Помимо них в ангаре на серых одеялах лежали еще полторы сотни человек, они смотрели на мощные деревянные стропила, поддерживающие крышу из терракотовой плитки. В бесчисленные дыры и щели просвечивало солнце. Войдя сюда в первый раз, Алессандро сразу заметил, что свет в тех местах, где лучи проникают в ангар, молочно-оранжевый, совсем как у апельсинового мороженого, какое продавалось в римских парках.
— Здесь лучше, чем в Колокольне, — продолжал Гварилья. — У меня щемит сердце, что я не могу увидеть детей, но я молюсь о возвращении к ним. И не трачу время на бесполезные просьбы, да и тебе не советую.
— Я просил родителей писать Рафи. Мне нужно в Венецию всего на несколько часов.
— Если перелезешь через ограду, тебе конец.
— Расстреливают только на передовой.
— Если бы, Алессандро.
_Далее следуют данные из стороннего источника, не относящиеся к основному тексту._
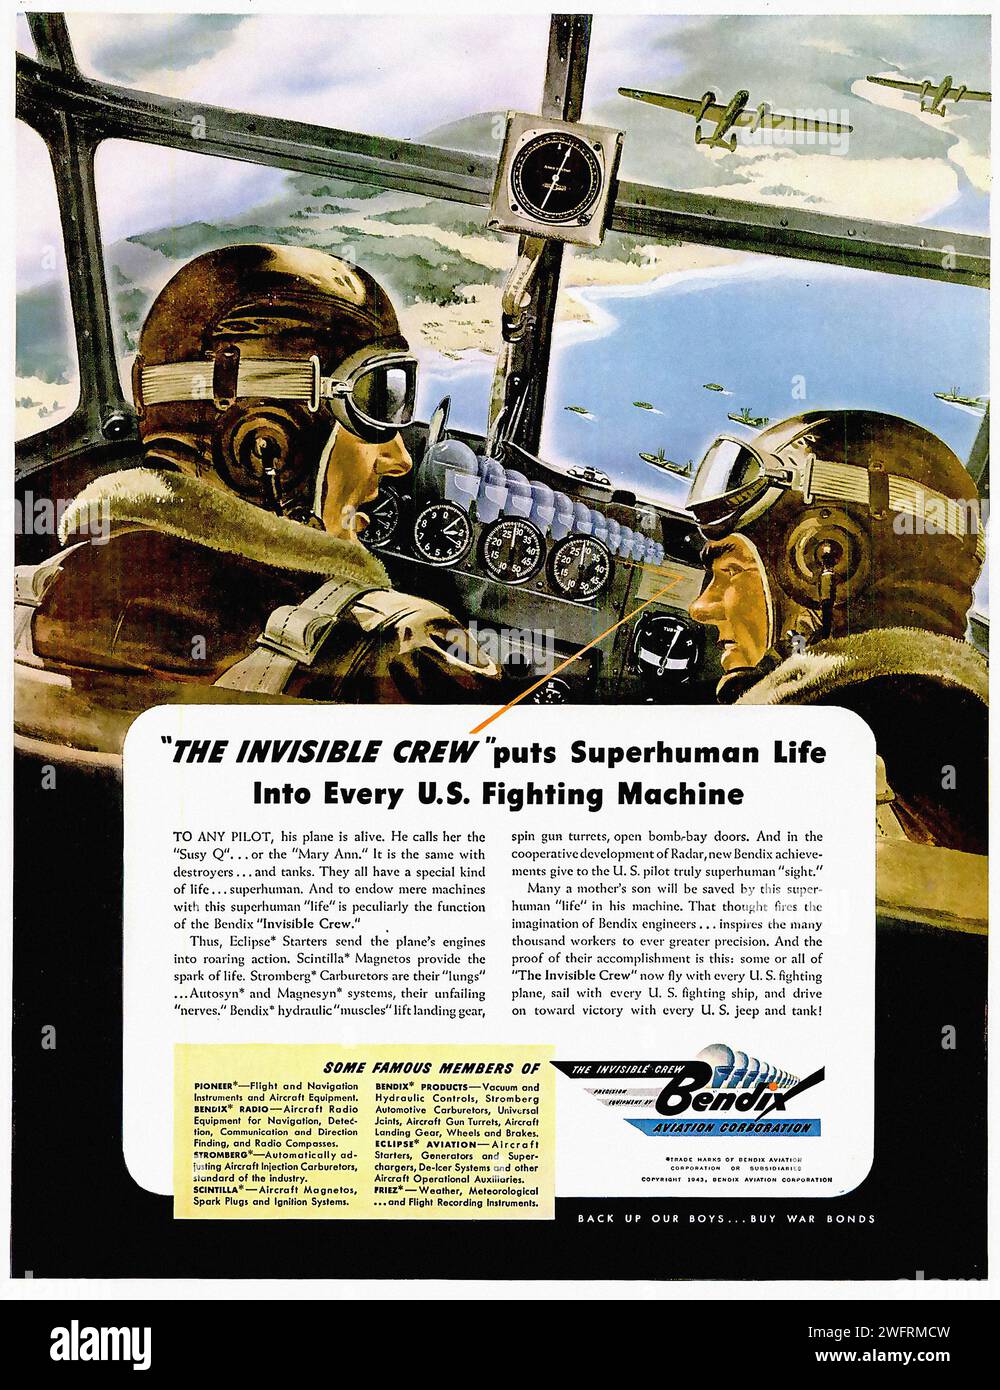 “THE INVISIBLE CREW PUTS SUPERHUMAN LIFE INTO EVERY U.S. FIGHTING MACHINE” “BACK OUR BOYS…WHAT BONDS BUY”  This is a vintage advertisement for Bendix Aviation Corporation, dating back to the World War II era. The advertisement features an illustration of two pilots in the cockpit of a fighter plane, wearing leather helmets and goggles. The cockpit is filled with various dials and gauges, and the background shows a blue sky and clouds, with other fighter planes in the distance. The text on the advertisement discusses the invisible crew that puts superhuman life into every U.S. fighting machine Stock Photo

В поезде, когда мы ехали сюда, я высунулся из окна и перебросился парой слов с сержантом на станции Тревизо. Он сказал, это правда, что они приговаривают целые подразделения, или одного из десяти, или первых пятерых, а он и близко не подходил к передовой. Они хотят, чтобы любой знал, что его могут расстрелять просто за неповиновение. Это может привести к революции.
Алессандро повернул голову, не отрывая ее от подушки. Гварилья продолжал разглядывать стропила.
— В тот день, когда мы пойдем в караул, все остальные уедут на стрельбище…
— Они еще только на букве «Эс», — напомнил Гварилья. — Пока доберутся до «Джи»[46], нас, возможно, уже отправят отсюда.
— Куда?
— Кто знает?
— Но если мы еще будем здесь…
— Ты не можешь знать, будут ли в тот день отправлять на стрельбище.
— Если отправят, я сбегу в Венецию и вернусь раньше их. Что может случиться?
— Что может случиться? Даже если ты вернешься раньше их, офицер может прийти во время твоего отсутствия.
— Офицеры, все до единого, всегда едут на стрельбище. Если кто-то и придет, тебе надо будет просто сказать, что меня нет. Расстреляют меня, а не тебя.
— Нет у тебя терпения, Алессандро. Ты слишком привык делать все, как тебе хочется.
— Гварилья, если бы Гитарист дезертировал, за ним бы до сих пор гонялись, но он был бы жив.
— Сейчас мы в безопасности. Зачем испытывать судьбу?
— Чтобы перед смертью провести день в Венеции.